■ Work order ■
From the data, return each line holding the word "Soup".

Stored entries
*** Begin section ***

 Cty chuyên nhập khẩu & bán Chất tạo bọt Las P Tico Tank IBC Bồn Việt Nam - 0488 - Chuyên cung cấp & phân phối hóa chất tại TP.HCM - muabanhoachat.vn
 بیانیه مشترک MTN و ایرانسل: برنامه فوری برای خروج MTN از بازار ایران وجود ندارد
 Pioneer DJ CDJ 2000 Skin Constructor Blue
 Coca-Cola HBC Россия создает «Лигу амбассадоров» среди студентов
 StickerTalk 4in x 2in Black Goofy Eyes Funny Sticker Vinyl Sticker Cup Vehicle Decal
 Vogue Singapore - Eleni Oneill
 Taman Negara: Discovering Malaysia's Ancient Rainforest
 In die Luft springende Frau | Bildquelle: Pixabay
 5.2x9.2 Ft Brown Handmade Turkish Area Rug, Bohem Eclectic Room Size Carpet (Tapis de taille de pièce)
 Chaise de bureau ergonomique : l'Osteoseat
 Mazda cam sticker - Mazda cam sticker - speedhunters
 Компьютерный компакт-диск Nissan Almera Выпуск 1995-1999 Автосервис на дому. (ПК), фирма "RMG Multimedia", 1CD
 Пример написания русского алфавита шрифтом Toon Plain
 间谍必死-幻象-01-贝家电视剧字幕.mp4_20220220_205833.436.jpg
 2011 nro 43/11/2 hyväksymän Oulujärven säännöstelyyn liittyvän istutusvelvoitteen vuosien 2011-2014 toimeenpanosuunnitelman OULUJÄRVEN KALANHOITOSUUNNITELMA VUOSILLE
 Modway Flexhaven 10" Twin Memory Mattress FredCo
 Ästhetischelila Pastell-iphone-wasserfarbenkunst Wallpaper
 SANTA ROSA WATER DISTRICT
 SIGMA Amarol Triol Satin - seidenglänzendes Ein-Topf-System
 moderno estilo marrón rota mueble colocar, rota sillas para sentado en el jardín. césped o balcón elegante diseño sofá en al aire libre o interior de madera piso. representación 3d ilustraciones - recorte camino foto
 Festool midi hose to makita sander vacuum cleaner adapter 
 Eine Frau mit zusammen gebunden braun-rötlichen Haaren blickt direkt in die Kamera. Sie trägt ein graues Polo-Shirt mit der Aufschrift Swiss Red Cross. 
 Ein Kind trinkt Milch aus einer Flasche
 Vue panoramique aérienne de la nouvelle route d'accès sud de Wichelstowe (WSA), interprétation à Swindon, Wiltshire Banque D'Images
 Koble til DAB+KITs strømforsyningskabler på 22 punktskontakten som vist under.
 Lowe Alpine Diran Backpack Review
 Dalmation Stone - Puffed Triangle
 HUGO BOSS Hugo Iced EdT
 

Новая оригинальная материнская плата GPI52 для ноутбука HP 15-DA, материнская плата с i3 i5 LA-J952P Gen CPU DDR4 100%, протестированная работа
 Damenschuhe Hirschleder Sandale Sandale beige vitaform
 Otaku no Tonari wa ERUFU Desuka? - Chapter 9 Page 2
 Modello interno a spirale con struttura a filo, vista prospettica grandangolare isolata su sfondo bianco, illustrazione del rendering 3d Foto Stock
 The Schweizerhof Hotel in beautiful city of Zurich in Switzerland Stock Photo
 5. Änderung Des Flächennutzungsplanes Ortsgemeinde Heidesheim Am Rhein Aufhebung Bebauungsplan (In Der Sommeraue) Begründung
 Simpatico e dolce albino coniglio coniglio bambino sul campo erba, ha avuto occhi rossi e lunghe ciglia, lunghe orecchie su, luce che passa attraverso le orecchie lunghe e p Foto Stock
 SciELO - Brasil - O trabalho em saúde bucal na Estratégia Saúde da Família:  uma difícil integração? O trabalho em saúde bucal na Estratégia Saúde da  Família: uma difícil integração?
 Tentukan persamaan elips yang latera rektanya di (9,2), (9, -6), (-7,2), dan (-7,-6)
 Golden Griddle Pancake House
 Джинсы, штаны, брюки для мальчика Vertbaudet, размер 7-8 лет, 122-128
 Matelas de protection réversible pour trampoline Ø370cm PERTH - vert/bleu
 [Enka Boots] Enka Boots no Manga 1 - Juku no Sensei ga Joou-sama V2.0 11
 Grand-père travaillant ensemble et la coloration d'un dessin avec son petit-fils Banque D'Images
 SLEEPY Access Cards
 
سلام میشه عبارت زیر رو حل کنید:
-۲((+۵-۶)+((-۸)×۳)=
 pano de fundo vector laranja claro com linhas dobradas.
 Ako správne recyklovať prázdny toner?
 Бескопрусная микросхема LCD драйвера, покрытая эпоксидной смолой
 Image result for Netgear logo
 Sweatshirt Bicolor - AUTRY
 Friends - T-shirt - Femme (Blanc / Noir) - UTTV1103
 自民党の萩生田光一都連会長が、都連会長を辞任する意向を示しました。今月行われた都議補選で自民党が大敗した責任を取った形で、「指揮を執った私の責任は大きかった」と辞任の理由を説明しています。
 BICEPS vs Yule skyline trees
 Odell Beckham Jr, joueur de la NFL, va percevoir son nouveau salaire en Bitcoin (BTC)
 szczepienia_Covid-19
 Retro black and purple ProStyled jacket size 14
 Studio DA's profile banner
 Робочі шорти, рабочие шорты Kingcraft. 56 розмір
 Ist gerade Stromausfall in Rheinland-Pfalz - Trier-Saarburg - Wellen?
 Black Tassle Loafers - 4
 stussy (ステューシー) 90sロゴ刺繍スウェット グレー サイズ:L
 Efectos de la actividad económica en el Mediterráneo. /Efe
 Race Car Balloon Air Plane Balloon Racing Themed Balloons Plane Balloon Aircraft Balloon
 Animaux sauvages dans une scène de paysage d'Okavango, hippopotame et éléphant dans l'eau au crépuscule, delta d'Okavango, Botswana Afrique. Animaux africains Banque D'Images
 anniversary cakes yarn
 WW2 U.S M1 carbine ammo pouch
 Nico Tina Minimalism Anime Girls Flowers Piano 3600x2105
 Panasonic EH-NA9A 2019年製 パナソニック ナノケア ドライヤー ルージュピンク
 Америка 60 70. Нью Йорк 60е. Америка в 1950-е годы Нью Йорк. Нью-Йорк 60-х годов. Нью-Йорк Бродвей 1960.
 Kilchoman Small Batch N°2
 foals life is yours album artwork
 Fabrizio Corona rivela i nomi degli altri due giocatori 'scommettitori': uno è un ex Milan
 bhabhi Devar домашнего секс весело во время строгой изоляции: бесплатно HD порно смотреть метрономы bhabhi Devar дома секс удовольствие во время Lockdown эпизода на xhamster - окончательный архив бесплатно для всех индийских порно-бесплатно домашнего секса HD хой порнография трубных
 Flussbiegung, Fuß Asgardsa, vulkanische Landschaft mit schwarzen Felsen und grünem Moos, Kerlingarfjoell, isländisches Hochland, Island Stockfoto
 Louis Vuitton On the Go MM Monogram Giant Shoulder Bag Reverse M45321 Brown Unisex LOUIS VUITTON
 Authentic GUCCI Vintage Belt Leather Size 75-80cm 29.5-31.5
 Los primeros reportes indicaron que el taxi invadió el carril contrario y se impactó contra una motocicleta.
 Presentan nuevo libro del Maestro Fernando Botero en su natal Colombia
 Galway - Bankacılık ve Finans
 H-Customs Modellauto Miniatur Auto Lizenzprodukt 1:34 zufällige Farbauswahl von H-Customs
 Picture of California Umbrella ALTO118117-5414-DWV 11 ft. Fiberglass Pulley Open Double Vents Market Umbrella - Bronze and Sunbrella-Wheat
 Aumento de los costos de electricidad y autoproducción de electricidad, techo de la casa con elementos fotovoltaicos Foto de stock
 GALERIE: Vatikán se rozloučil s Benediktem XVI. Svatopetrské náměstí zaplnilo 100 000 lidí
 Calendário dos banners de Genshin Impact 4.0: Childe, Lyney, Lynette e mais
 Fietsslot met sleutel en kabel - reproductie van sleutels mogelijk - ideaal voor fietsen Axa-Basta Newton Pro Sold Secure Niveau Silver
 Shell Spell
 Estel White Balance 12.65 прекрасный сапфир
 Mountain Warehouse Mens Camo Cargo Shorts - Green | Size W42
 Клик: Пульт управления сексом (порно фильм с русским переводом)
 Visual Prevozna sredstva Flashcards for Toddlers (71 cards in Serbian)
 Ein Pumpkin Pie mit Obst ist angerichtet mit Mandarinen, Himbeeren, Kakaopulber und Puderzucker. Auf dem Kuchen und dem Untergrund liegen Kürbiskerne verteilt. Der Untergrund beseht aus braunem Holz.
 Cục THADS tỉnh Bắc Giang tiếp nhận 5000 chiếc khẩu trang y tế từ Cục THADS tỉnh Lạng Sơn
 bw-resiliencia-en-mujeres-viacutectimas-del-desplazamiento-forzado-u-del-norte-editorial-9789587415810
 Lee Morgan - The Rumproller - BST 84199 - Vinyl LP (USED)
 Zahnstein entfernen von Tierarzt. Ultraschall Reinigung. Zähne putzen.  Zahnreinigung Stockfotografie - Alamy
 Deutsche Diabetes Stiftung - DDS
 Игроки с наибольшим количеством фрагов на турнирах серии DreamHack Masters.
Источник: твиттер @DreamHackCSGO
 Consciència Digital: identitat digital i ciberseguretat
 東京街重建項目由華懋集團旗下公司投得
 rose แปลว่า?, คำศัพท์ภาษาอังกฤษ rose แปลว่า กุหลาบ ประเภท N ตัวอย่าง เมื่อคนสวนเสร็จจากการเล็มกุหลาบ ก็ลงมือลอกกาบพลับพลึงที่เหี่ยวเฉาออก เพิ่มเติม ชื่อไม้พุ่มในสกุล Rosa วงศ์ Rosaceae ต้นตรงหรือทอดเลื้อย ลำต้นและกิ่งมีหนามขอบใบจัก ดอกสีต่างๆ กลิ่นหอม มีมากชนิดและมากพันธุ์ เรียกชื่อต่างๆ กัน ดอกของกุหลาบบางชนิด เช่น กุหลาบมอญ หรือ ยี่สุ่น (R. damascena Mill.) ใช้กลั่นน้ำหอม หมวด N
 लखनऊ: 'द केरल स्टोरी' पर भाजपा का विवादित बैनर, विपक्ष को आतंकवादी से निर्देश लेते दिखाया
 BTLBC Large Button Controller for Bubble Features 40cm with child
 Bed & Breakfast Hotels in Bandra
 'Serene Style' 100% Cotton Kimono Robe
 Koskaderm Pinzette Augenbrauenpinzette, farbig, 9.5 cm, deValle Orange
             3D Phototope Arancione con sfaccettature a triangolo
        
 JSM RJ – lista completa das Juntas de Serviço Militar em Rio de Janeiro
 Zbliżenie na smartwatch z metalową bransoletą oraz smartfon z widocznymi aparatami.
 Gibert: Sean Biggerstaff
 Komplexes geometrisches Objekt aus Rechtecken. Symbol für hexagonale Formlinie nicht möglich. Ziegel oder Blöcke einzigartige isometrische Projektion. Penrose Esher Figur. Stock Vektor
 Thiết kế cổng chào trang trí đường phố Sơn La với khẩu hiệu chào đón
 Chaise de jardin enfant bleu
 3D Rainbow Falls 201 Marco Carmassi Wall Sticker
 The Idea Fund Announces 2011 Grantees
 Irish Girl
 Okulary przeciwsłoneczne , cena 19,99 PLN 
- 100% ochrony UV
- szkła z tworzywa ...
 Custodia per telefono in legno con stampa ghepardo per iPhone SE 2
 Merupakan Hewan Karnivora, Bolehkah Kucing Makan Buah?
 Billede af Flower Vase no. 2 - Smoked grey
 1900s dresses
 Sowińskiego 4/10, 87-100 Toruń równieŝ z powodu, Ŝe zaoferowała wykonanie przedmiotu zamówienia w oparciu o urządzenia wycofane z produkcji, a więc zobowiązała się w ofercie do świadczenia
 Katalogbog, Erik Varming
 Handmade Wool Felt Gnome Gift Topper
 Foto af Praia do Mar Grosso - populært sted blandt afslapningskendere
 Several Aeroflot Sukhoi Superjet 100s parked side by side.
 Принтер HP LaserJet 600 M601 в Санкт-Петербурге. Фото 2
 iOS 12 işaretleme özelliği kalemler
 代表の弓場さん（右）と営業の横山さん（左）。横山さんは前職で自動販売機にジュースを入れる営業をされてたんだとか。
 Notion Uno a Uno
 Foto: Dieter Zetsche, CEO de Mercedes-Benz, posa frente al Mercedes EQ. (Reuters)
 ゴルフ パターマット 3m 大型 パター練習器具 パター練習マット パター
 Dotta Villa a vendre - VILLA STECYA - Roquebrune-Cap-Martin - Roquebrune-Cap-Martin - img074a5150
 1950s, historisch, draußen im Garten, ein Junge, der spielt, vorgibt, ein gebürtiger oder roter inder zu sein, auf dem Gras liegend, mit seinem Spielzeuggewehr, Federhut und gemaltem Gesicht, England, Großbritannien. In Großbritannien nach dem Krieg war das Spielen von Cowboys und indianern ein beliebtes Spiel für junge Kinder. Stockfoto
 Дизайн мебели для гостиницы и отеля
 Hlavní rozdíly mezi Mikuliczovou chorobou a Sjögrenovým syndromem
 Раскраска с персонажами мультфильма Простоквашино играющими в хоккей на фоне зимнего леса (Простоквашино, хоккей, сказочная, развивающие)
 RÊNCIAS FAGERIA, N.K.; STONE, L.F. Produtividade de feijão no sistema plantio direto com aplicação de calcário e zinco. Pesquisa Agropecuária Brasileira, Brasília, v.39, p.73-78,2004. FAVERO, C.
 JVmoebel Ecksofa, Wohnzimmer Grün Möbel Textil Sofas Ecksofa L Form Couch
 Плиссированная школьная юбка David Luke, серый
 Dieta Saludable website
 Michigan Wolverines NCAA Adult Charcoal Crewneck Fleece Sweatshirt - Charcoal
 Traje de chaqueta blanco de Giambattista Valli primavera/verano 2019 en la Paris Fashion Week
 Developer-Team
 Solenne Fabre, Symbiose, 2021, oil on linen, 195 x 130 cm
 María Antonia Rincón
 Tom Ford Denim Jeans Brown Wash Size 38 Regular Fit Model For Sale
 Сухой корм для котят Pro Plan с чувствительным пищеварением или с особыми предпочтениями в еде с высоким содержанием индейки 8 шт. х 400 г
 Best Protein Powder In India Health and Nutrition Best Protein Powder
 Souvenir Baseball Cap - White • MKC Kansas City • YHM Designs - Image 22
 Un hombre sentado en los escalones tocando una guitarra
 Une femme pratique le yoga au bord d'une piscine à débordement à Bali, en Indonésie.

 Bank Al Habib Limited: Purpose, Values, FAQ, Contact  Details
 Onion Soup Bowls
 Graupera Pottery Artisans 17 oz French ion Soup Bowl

*** End section ***

■ Completed exercise ■
 Onion Soup Bowls
 Graupera Pottery Artisans 17 oz French ion Soup Bowl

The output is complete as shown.